THIS IS the land of the hummingbird, but a case could be made for the butterfly too.
For a country of our relatively small size, we have an incredibly large array of butterfly species. At least 760 types have been recorded here, according to the University of the West Indies. (By way of comparison, Britain has just 58.)
But when did you last lay eyes on a majestic emperor butterfly, the iridescence of its blue wings caused by the diffraction of light from millions of microscopic scales? When last did you see a bamboo butterfly, which circles for hours just above the trees in the sunshine before coming down to drink from flowers? Or a scarlet peacock? Or an andromeda satyr?

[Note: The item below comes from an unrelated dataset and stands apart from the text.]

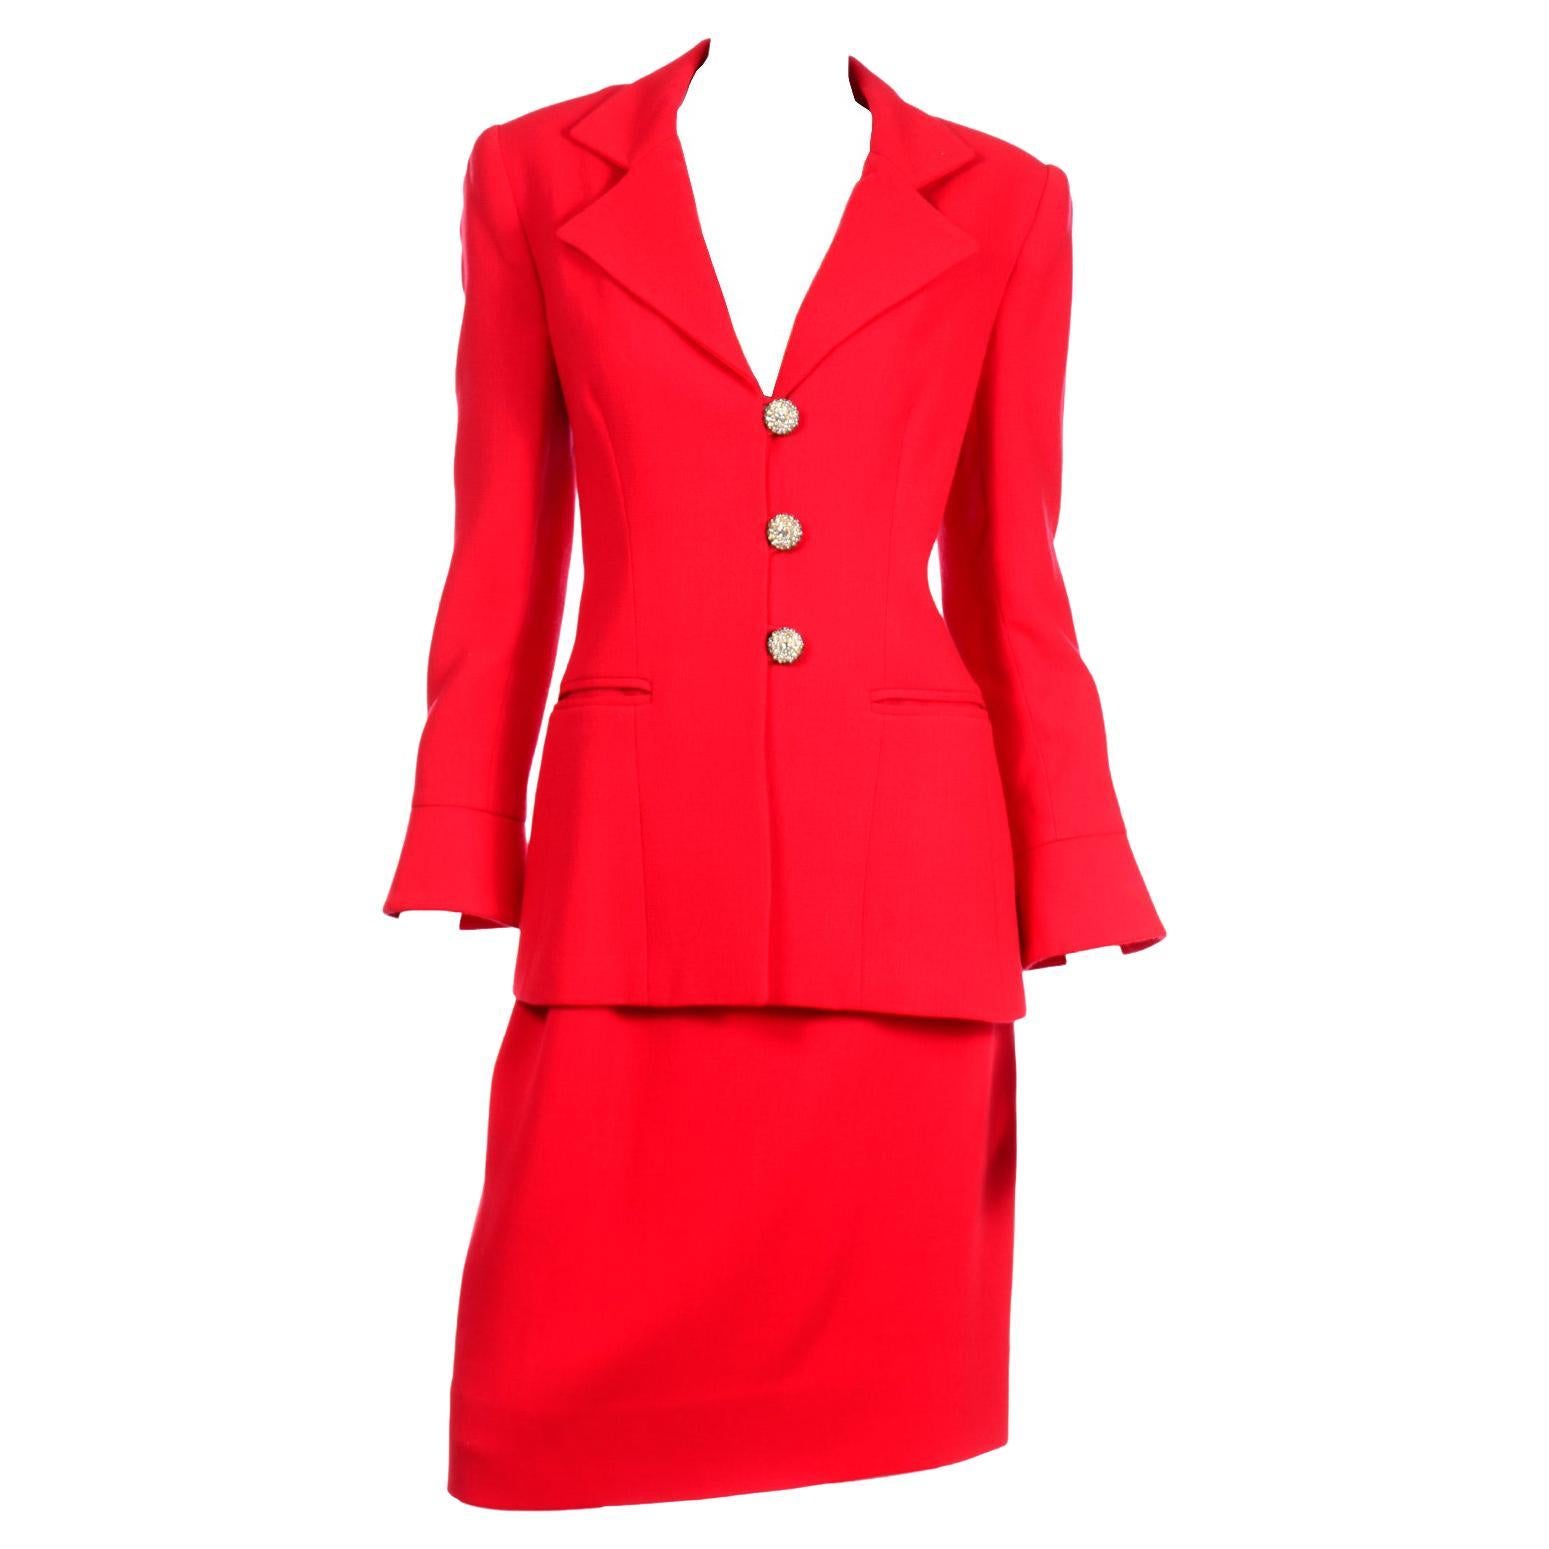 David Hayes Tomato Red Jacket & Skirt Suit with Rhinestone Buttons & Flared Sleeves (Ensemble veste et jupe rouge tomate avec boutons en strass et manches évasées)

An ongoing effort by a group of volunteers to attract more butterflies to the Royal Botanic Gardens in Port of Spain, by restoring soil and indigenous flora, points to the sad fact that while this country is world-famous for its biodiversity, that biodiversity is in decline and under serious threat.
The group, led by Serina Hearn of the non-governmental organisation Friends of Botanic Gardens of TT, recently received permission from the Ministry of Agriculture to expand their project. Last week, they reported success in their efforts to get more butterflies to return to the gardens, which is a protected heritage site.
As is the case all over the world, butterflies play a key role in our island’s ecology, but there is ample evidence to suggest they have been on the decline for a while now.
In 2017, one researcher from the UK’s Centre for Agricultural Bioscience International noted that about a third of the 150 species found in Tobago had not been reported in 80 years. This suggested two possibilities: either the butterflies had simply not been seen, or they are now extinct.
The impact of the climate crisis on the global ecosystem is a likely factor.
Yet, as noted by Ms Hearn and her volunteers, so too are practices adopted by communities and, sometimes, even state entities like the CEPEP Company, which can inadvertently remove butterfly host plants and create dangerous “methane bombs” by disposing of cuttings in plastic bags.
The Botanic Gardens project is a good example of community mobilisation. But the truth is, it should not be necessary in the first place. It is the kind of intervention that should have more than just the blessing of the State which should be adopting a more robustly co-ordinated effort if it is serious about environmental issues and the protection of tourism hubs and heritage sites.
To paraphrase Denyse Plummer’s classic song, Let the Flowers Bloom Again, we all need to come together to let the butterflies fly again.